▶ Provided records:
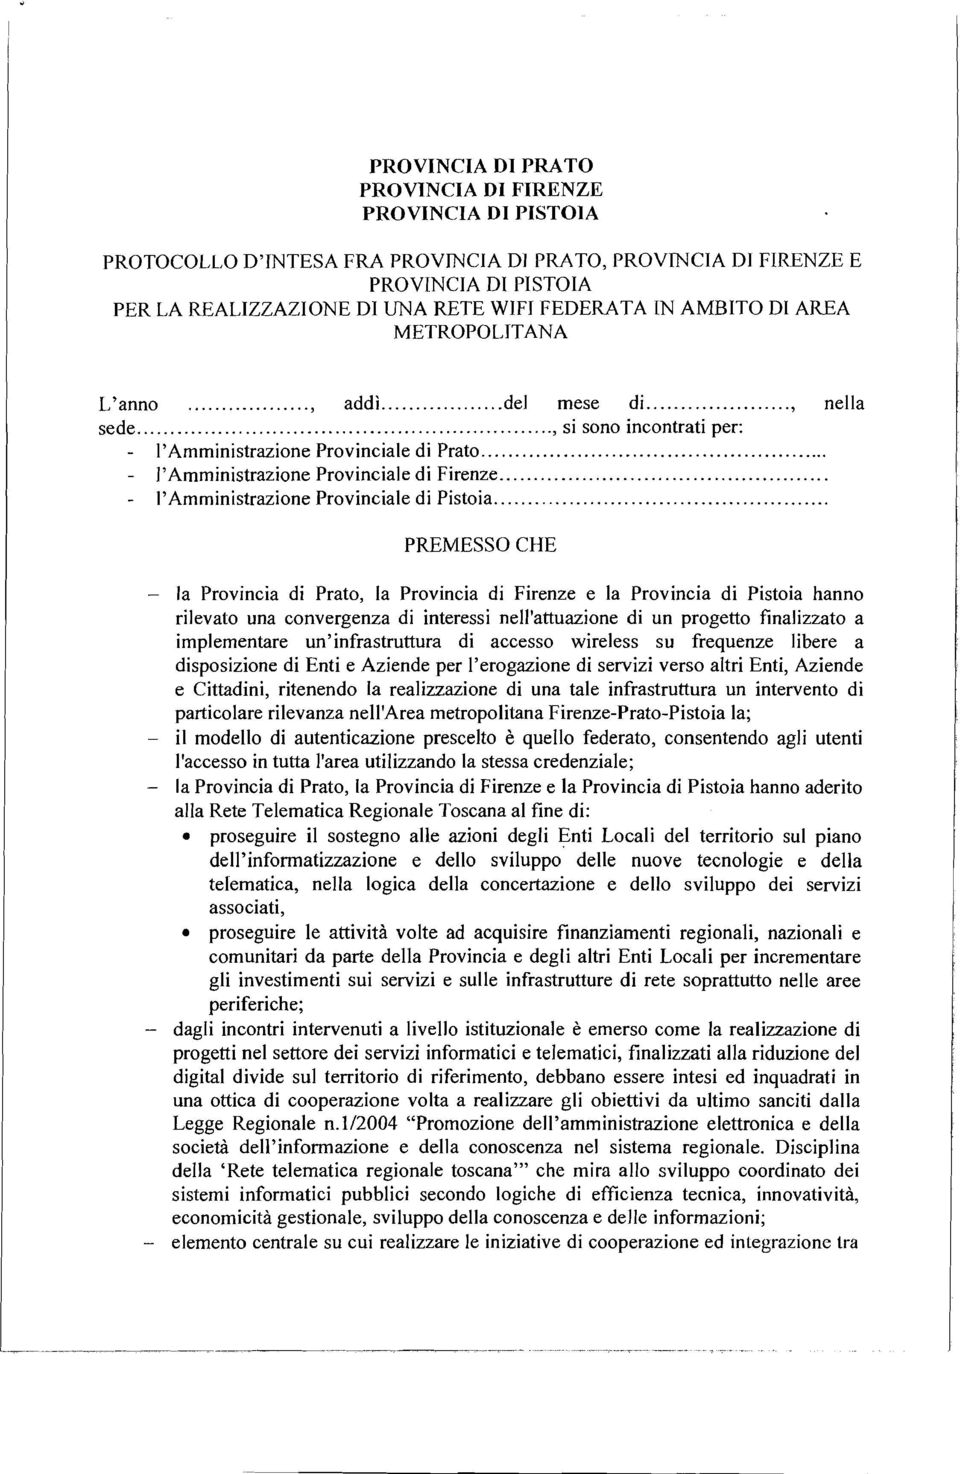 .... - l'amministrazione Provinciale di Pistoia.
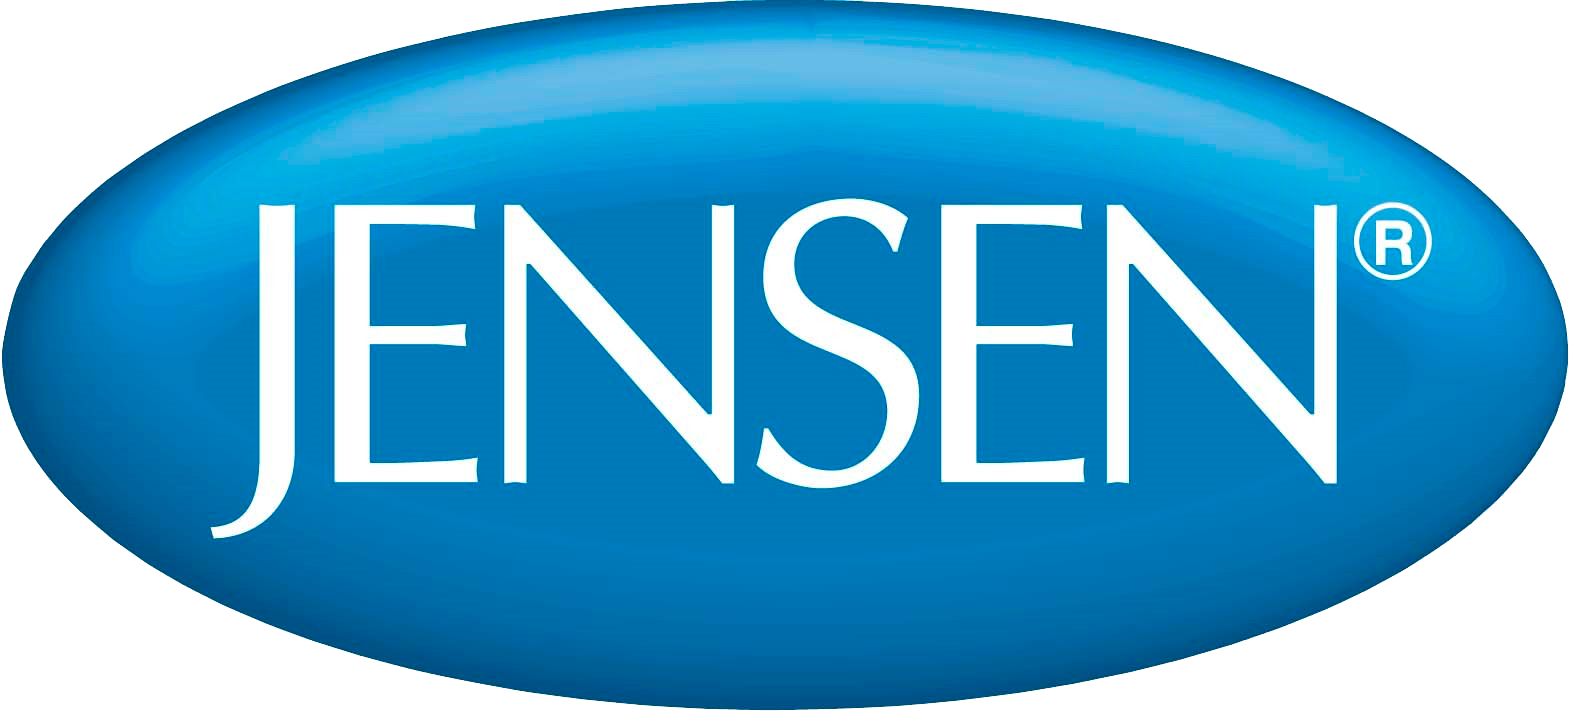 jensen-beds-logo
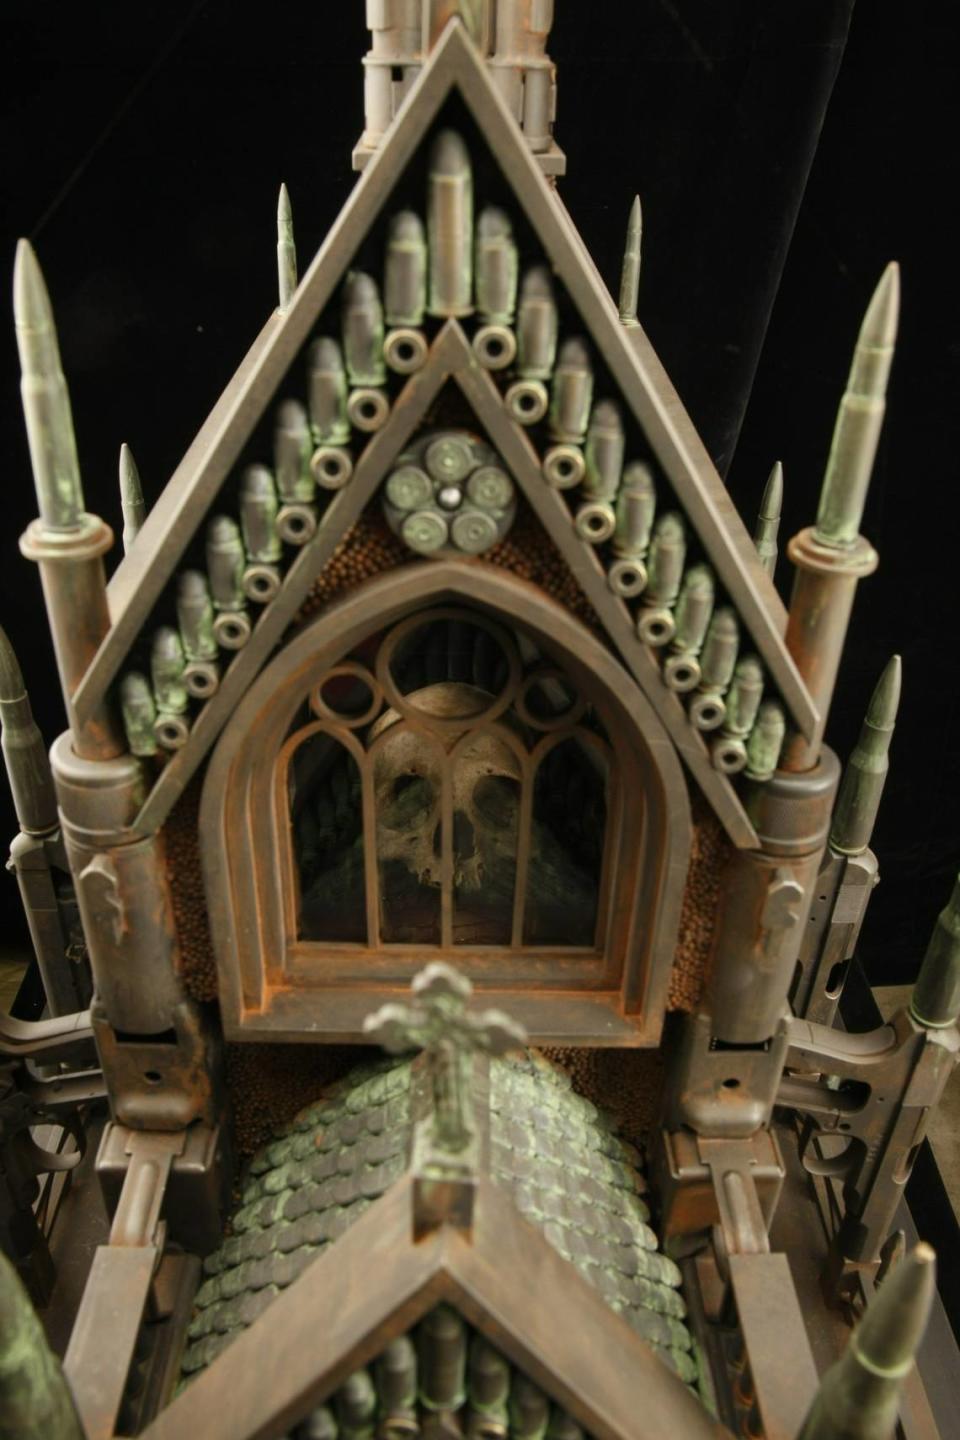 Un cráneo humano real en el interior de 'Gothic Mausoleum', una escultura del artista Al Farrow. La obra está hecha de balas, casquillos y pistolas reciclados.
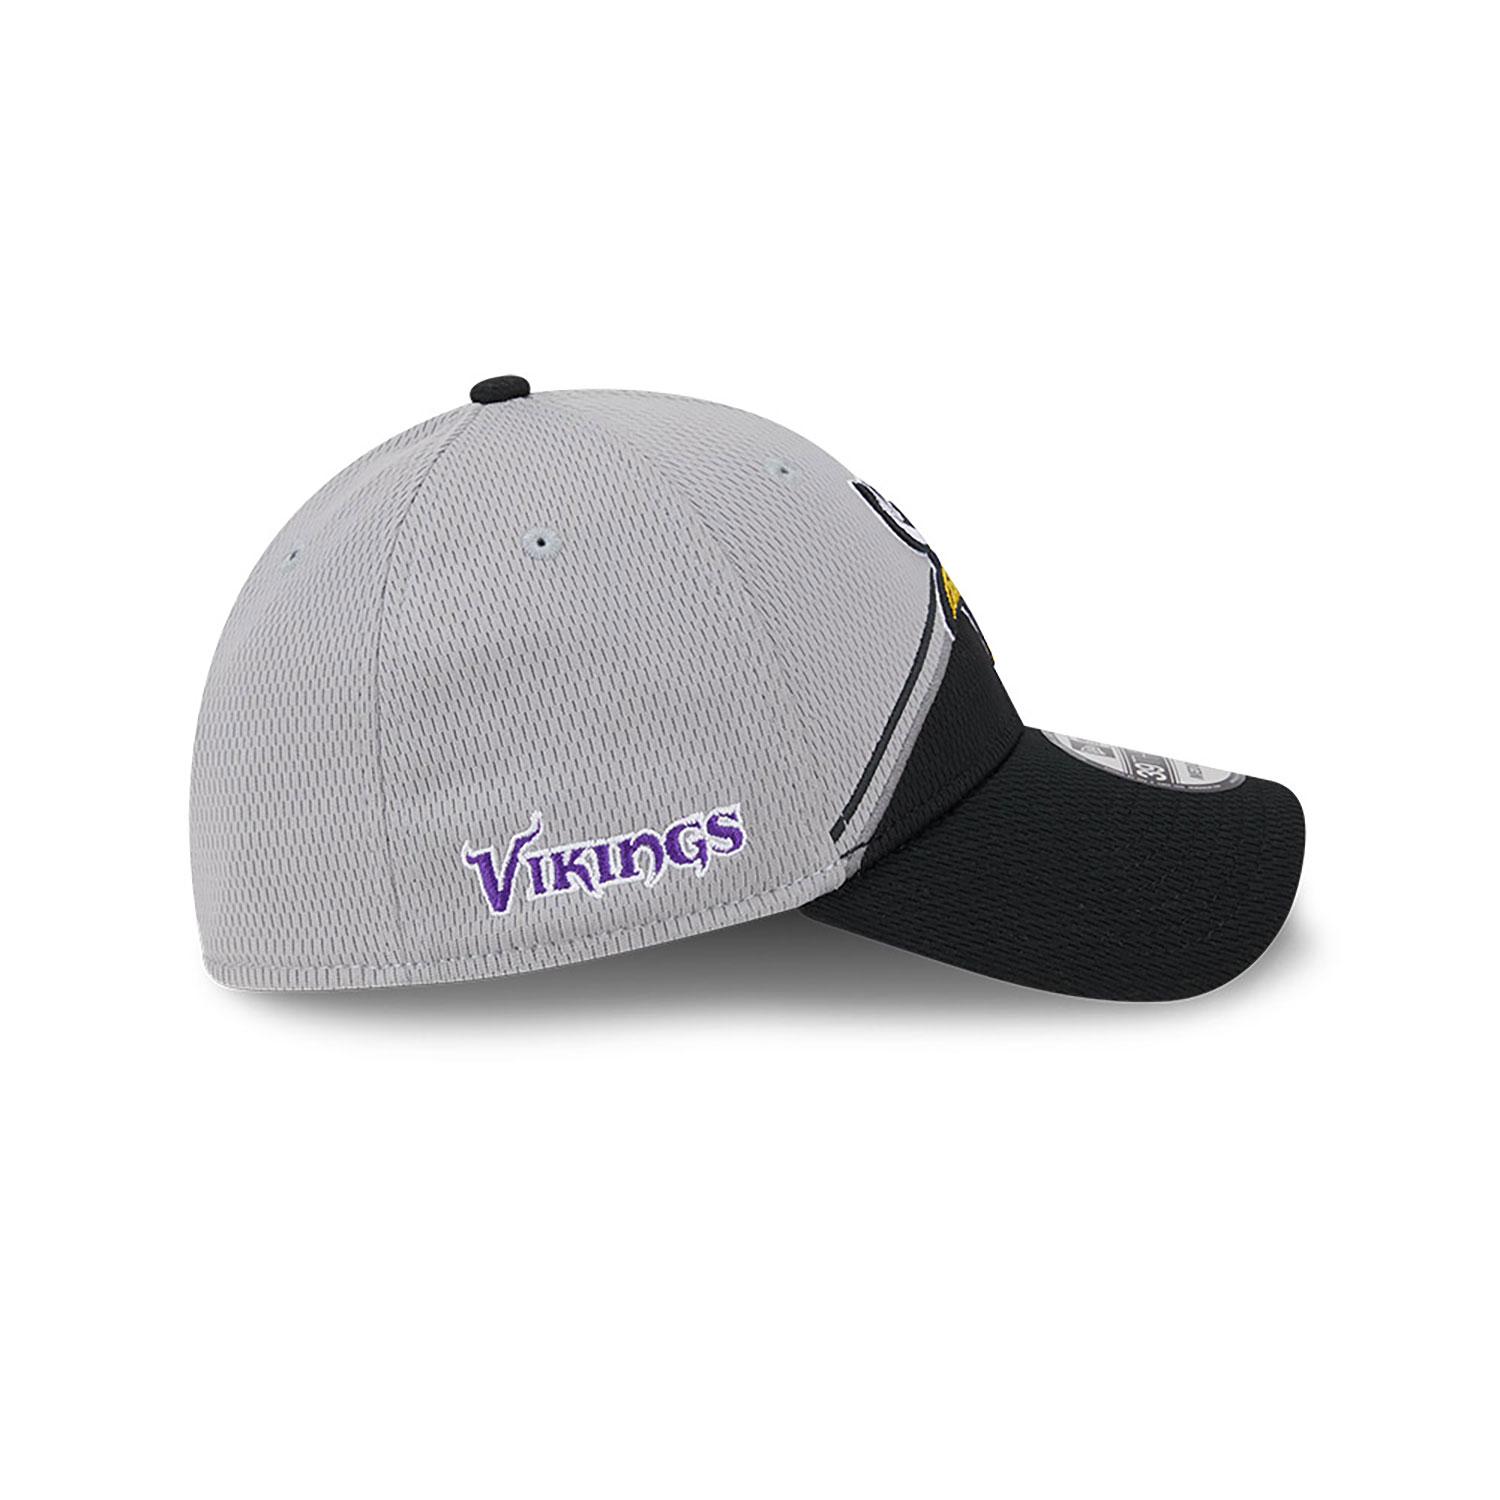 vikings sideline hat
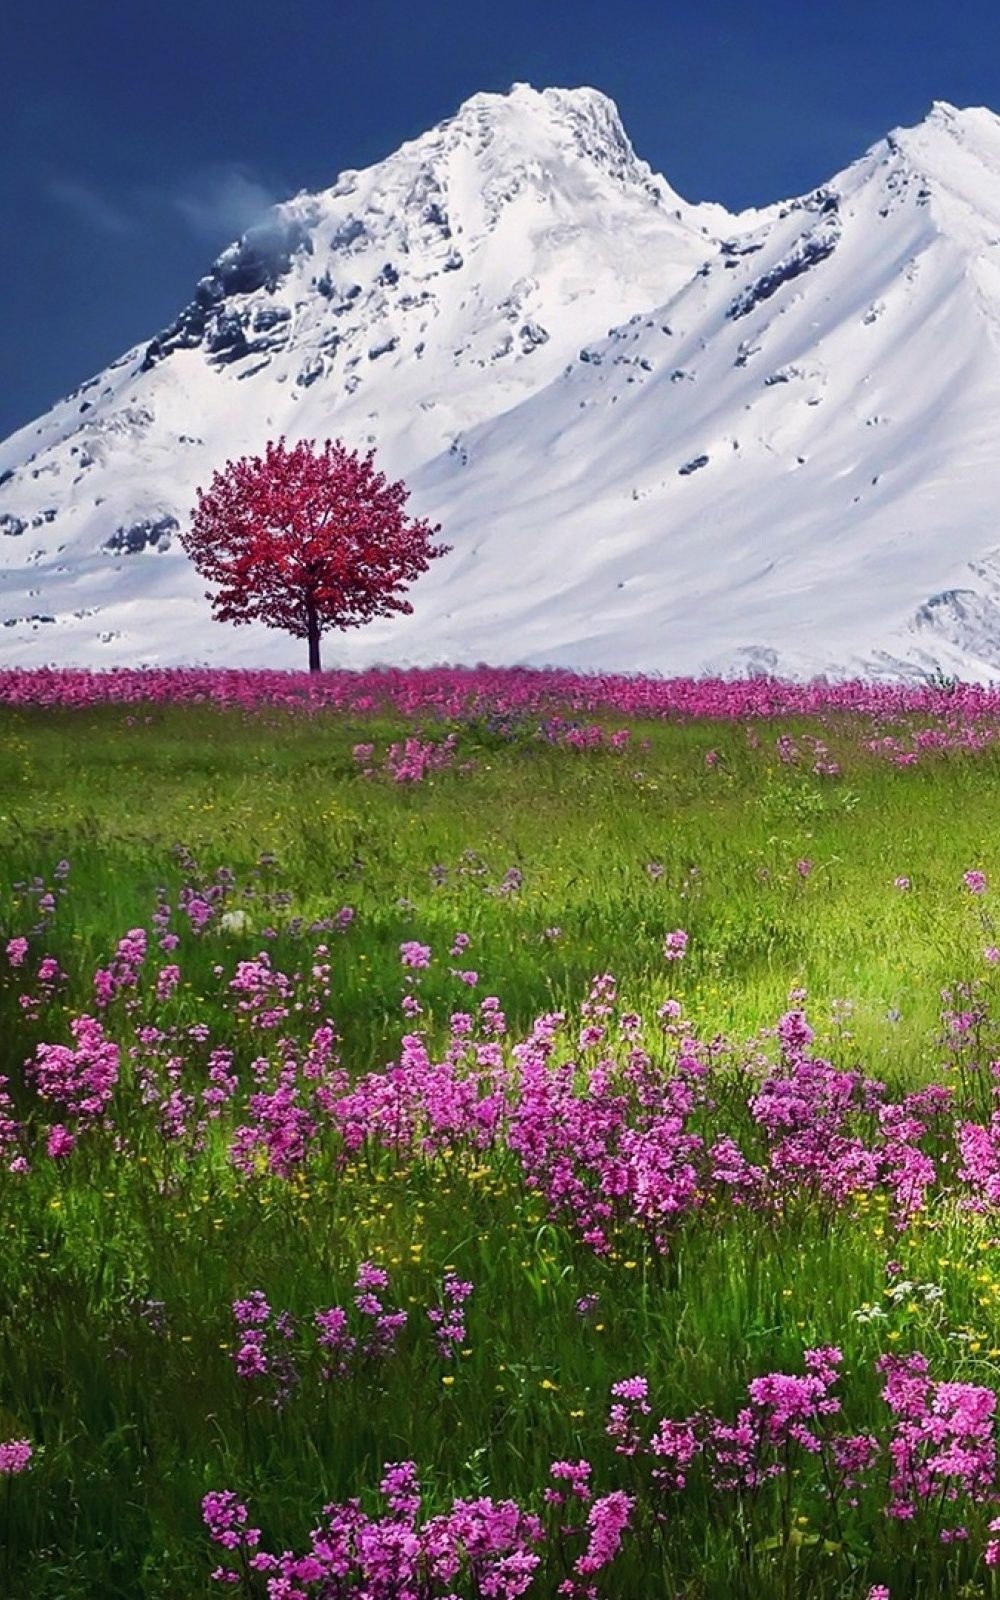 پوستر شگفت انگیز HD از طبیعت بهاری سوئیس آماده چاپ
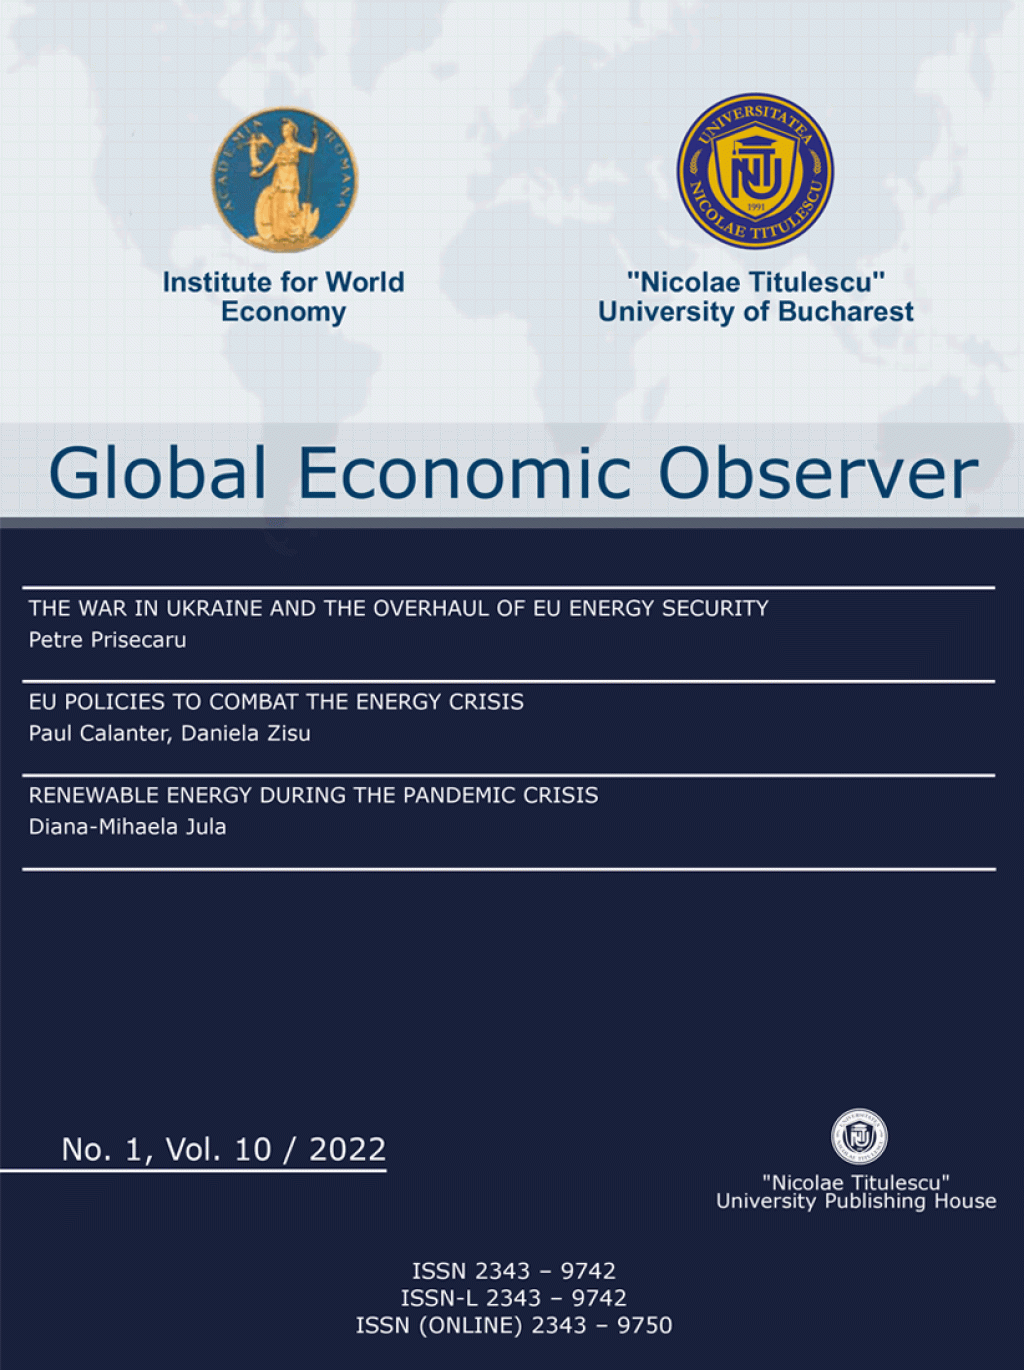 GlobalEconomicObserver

▶ Aim of the exercise: Set the entire listing down again, exact in every line, without any pictures.

▶ Finished exercise:
 .... - l'amministrazione Provinciale di Pistoia.
 jensen-beds-logo
 Un cráneo humano real en el interior de 'Gothic Mausoleum', una escultura del artista Al Farrow. La obra está hecha de balas, casquillos y pistolas reciclados.
 vikings sideline hat
 پوستر شگفت انگیز HD از طبیعت بهاری سوئیس آماده چاپ
 GlobalEconomicObserver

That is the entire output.